None of this, of course, is for the day-tripping business traveler making the rounds from Denver to Dayton and back. Use of United's shower suites is by invitation only and is restricted to full-fare first- and business-class travelers flying overnight for five hours or longer. In the case of the O'Hare facility, which features just four of the suites, the service will be offered initially to passengers on flights from Hawaii and Alaska.

United's suites at Miami and Heathrow are more numerous--13 at each--because there is more traffic warranting such service at those locations.

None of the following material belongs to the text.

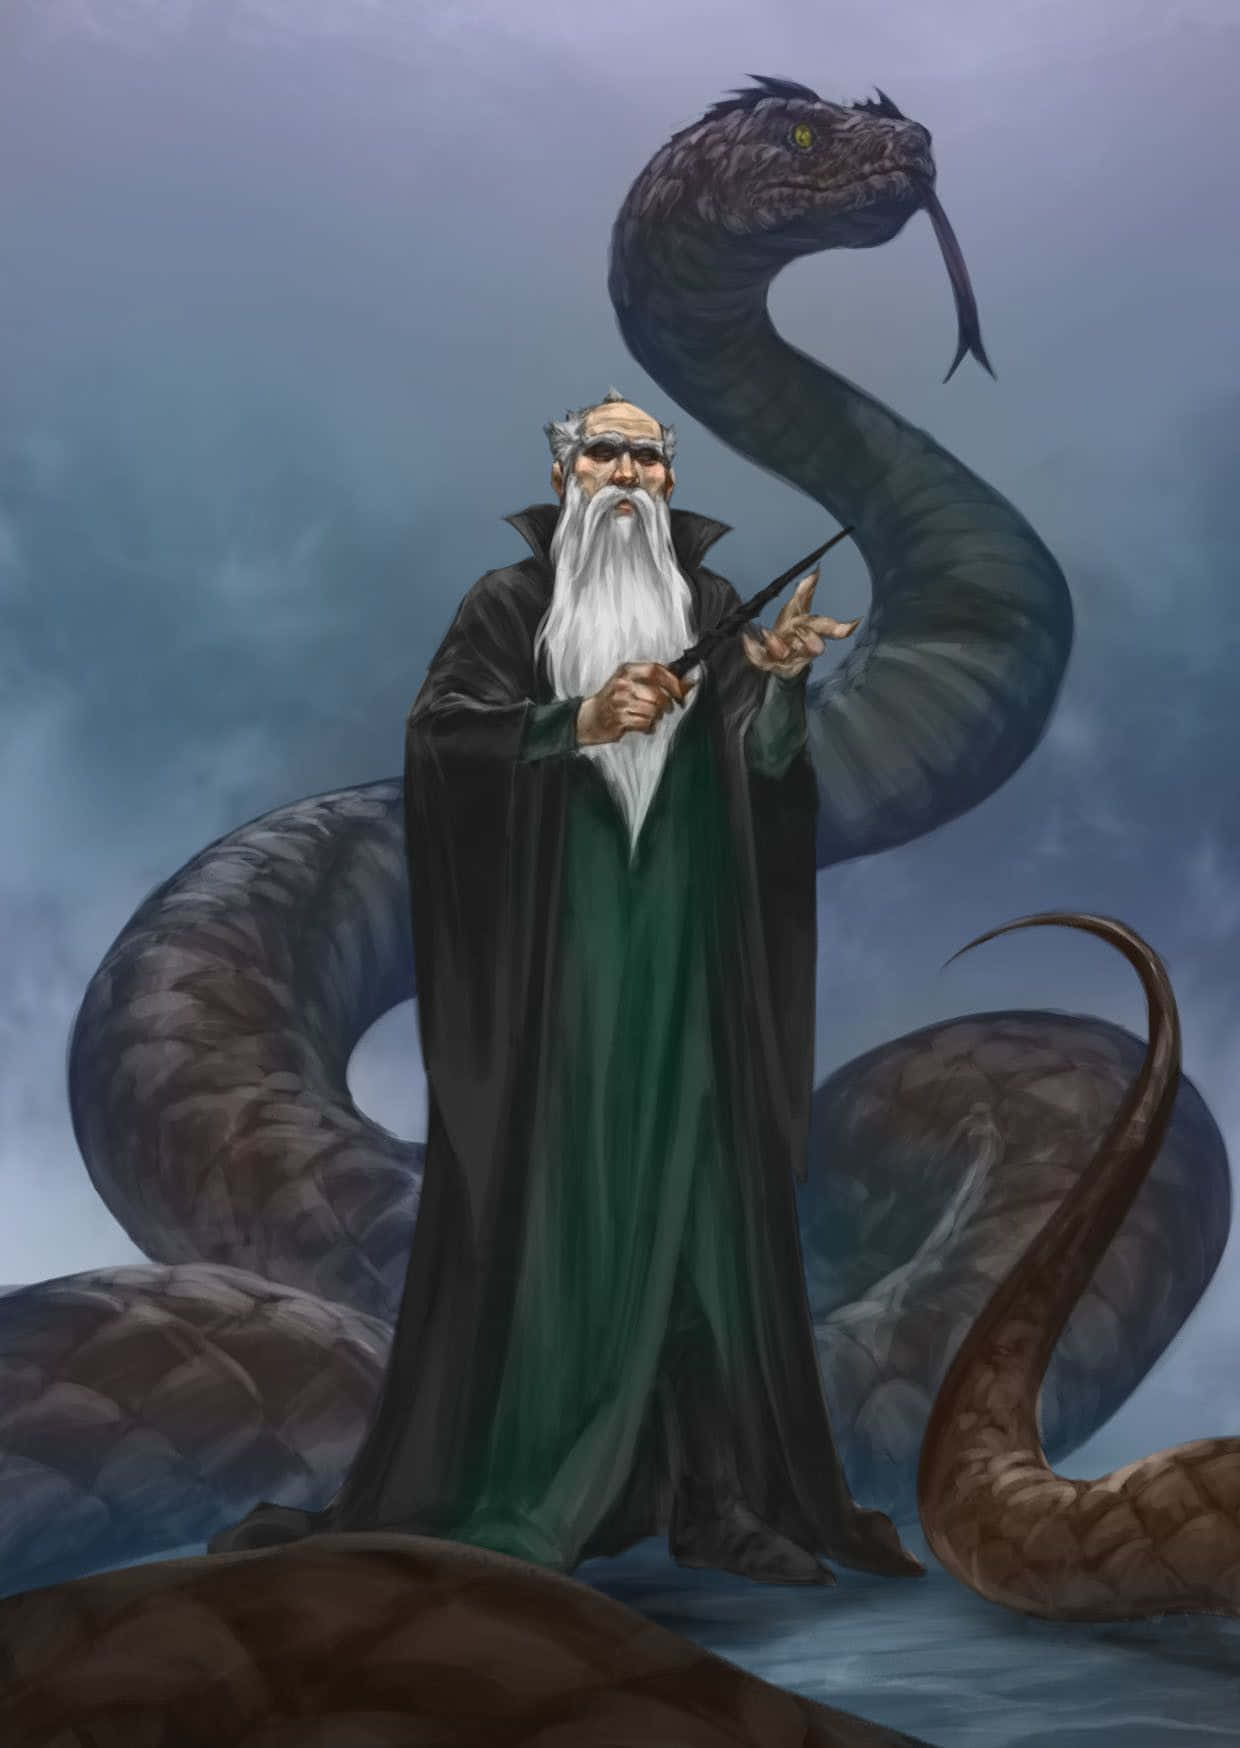 Salazar Slytherin, Co-founder of Hogwarts Wallpaper

"All travel is expanding," Hopkins says. "If you look at our traffic this year, we're up something like 3% or 4%; it's all expanding--first, business and economy. People are willing to pay the additional fare for business and first class, but they expect more value."

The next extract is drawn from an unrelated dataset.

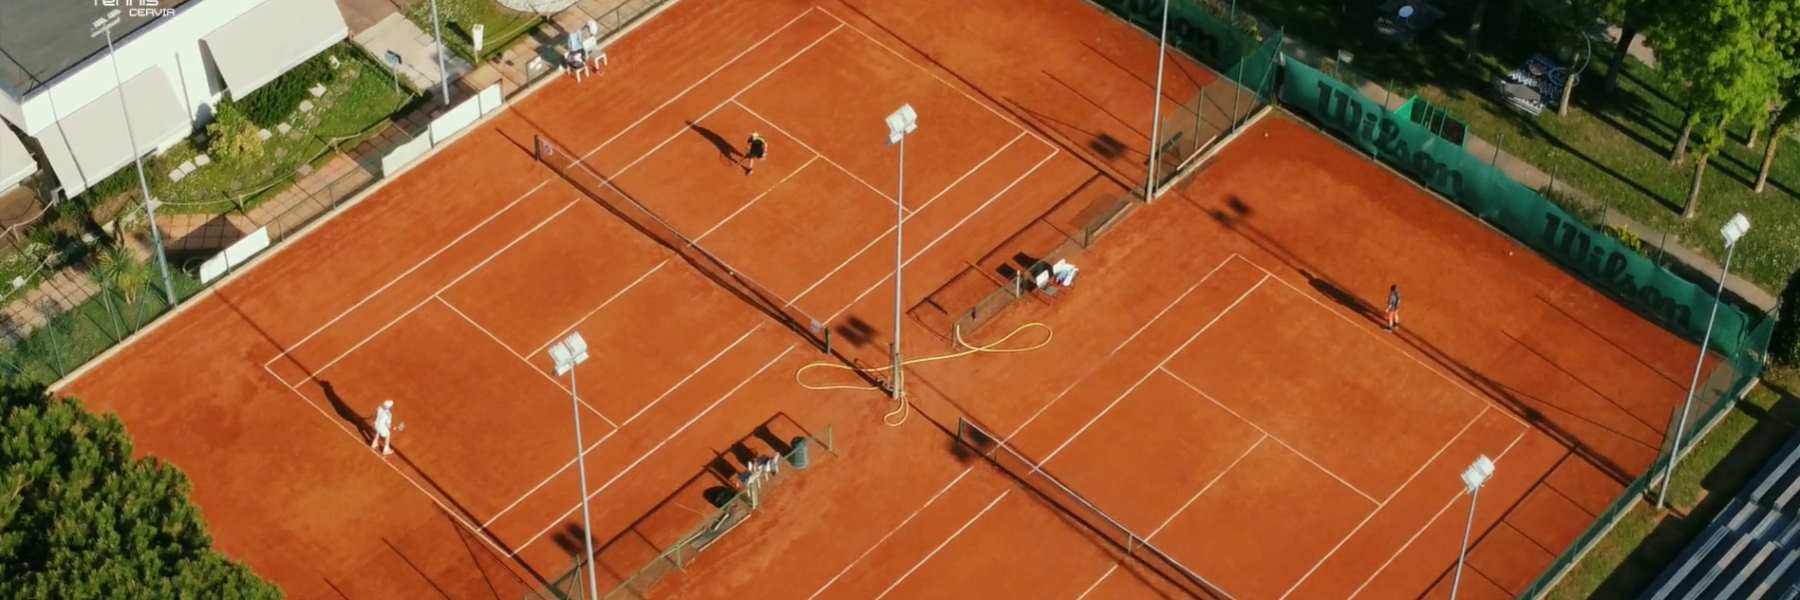 Tennis Club Cervia - Milano Marittima

Also growing, he said, is the use of airline clubs. The larger of United's two clubs at O'Hare can seat 540 people, and it's not unusual to find every seat filled at busy times, Hopkins said.


There's no shortage of "best hotel" lists these days. Although often based on polls of magazine readers or a specific group of travelers, it is often hard to know exactly why one hotel is rated above another and whether it means anything.

For example, the Four Seasons Hotel in Chicago was named the top city hotel in the United States in a reader poll conducted by Andrew Harper's Hideaway Reports. It traded places with the Hotel Bel-Air in Los Angeles, which finished first last year.

But the Hotel Bel-Air won the top spot in the Annual Survey of Top Hotels Worldwide, a poll of readers of Institutional Investor. It traded places with the Oriental Bangkok in that poll.

Go figure.


How to get out of the airport?

That's actually the name of a new book that answers the question, at least where more than 100 airports around the world are concerned.

Author Howard Wendland, a Minnesota businessman, says he gathered much of the information from personal experience, including four years living in Europe and traveling to about 70 cities there.

Each entry discusses which rental cars are available, how much and how far away the city center is by taxi, whether the taxis are safe and reliable, the degree to which public transit or special shuttles are available and other tips.

In many cases, Wendland singles out a best way to leave the airport. For example, in Amsterdam he suggests going by rail from Schiphol to Amsterdam Central Station, with a fare of about $3.50 and trains leaving every 15 minutes, or a KLM shuttle bus to specific hotels. For Nairobi, Kenya, he suggests the government-sponsored Mercedes taxis in front of the terminal, at a fixed cost of about $16 to the city center. And in Seoul he suggests the Korean Airlines shuttle bus at $5, which is considerably cheaper than a taxi.